4 | DISCUSSION
The rapid assessment procedure used in this study provided valuable
information on structural integrity and function with relatively little
effort in the field. All 137 structures within the 8-km study reach were
surveyed within a two-day period each year, typically by a team of 3-4
individuals. Although the rankings were qualitative, the ordinal nature
of data supported an analytical approach for evaluating structure
performance, including investigating differences between years and
structure types. Overall, instream structures met the performance
objective of 90% stable and functional at the three year mark following
completion of construction. However, structural integrity and function
diminished over time and the likelihood of poorer rankings increasing
following a 38-year flood that occurred in 2019. This suggests that the
lifespan of some structures may be dependent on the magnitude and timing
of flows that occur following completion of instream construction
(Roper, Konnoff, Heller, & Wieman, 1998). Engineering design, including
both the prescription and specifications for treatments, also played a
role in structural performance, as some structure types performed better
than others. Results indicate that some structure types should not be
used in similar geomorphic settings and others would benefit from a more
robust design approach.
The observed failure rate for instream structures (26%) was comparable
or lower when compared to similar studies, which reported a mean failure
rate of 40% across studies with a range of 15-75% (Babcock, 1982;
Frissell & Nawa, 1992; Schmetterling & Pierce, 1999; Miller & Kochel,
2013). Boulder-toe structures were the most likely to exhibit issues
with integrity and erosion. The study site is located in a wide alluvial
valley where the Arkansas River has historically migrated across the
floodplain. Prior to disturbance, the stream banks were dominated by
woody riparian vegetation with willows stretching across much of the
valley floor. Boulder toe was prescribed in some locations with the
intention of preventing erosion into fluvial tailings deposits. However,
this treatment did not perform well due to the dynamic nature of the
system, and typically failed when erosion occurred behind the boulders
that were intended to armor the stream bank. In similar systems with
meandering riffle-pool morphology and stream banks dominated by woody
riparian vegetation, we recommend that bioengineering techniques
(Giordanengo et al., 2016) be utilized to stabilize stream banks rather
than more hardened approaches, such as boulder toe. Log toe structures,
considered a bioengineering approach, performed better than boulder toe
with respect to integrity and erosion, but still exhibited failure rates
over 20% during the study period. However, logs will degrade with time
and, unlike boulders, will not be a permanent feature in the river as it
evolves. Furthermore, the addition of large wood has been shown to
improve stream habitat (White et al., 2011; Jones et al., 2014), while
increasing hyporheic exchange and the retention of sediment, nutrients,
and organic matter (Wohl et al., 2016).
High failure rates were also observed for log-vane structures. The
failure of log vanes was likely associated with inadequate engineering
design. The post hoc analysis of log-vane failures indicated that
the likelihood of failure increased with flatter log-vane slopes.

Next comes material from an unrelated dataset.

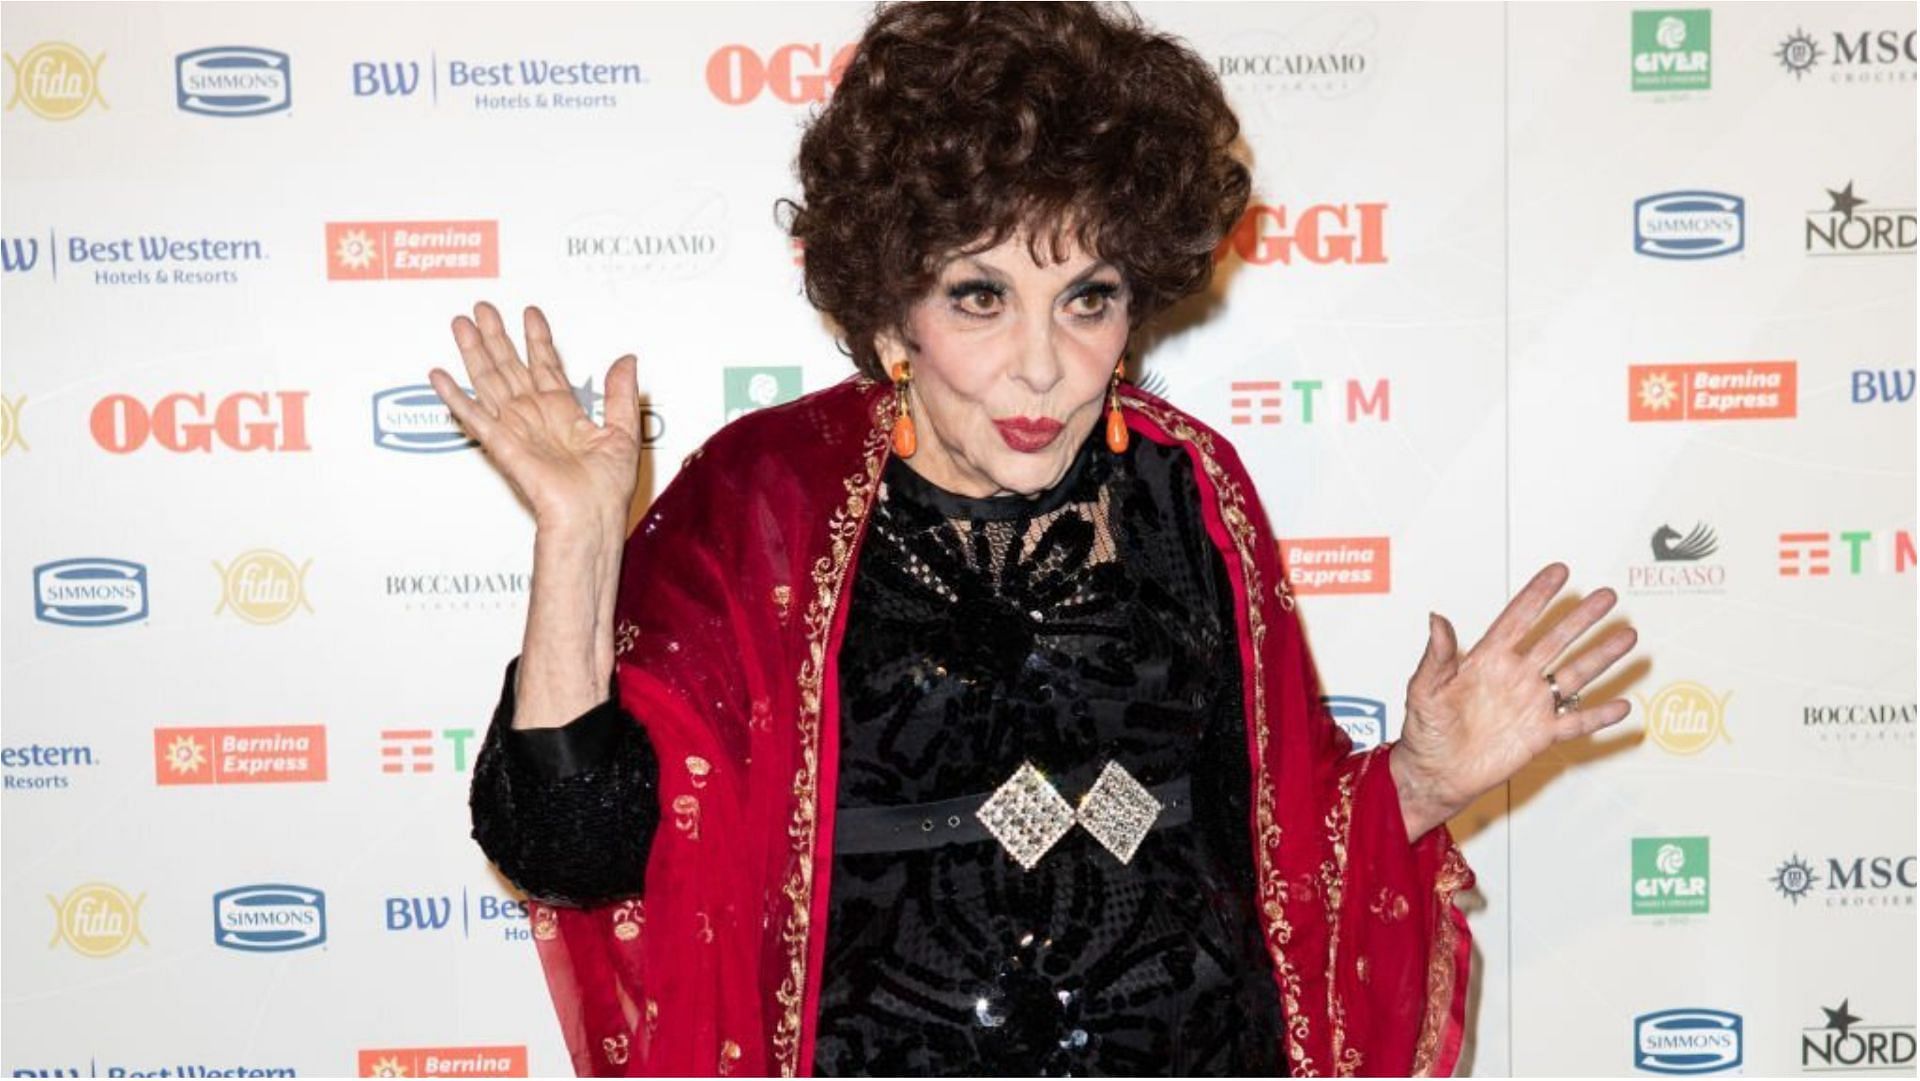 Gina Lollobrigida has accumulated a lot of wealth from her career as an actress, politician and photojournalist (Image via Rosdiana Ciaravolo/Getty Images)

Flatter slopes were associated with a greater angle of departure from
the stream bank, which may have exposed more surface area of the log to
erosive forces in the channel. Boulders were used to anchor the end of
the log vanes in the channel and typically protruded above the elevation
of the streambed. These boulders were prone to movement and the number
and size of anchor boulders was not clearly specified in the plans.
Another common failure mechanism for log vanes was the undermining of
footer logs, which may have been prevented by installing erosion control
fabric on the upstream face of the header and footer logs. In addition,
the length of logs utilized for the log vanes was relatively short,
typically less than 5 m. Longer logs would have allowed the end of the
log vanes to be buried into the stream bed and then anchored with
appropriately sized boulders. The shorter logs entailed pinching the end
of the vanes between two or more boulders, jeopardizing the integrity of
the structures if boulders moved slightly. For future projects that
utilize logs vanes, we recommend that specifications err on the side of
longer logs and that the structures are engineered to withstand a
specific design flow (Rafferty, 2013) that corresponds with project
objectives and constraints.
Cobble toe, grade control in the main channel, and boulder clusters
exhibited the best performance with respect to integrity and erosion.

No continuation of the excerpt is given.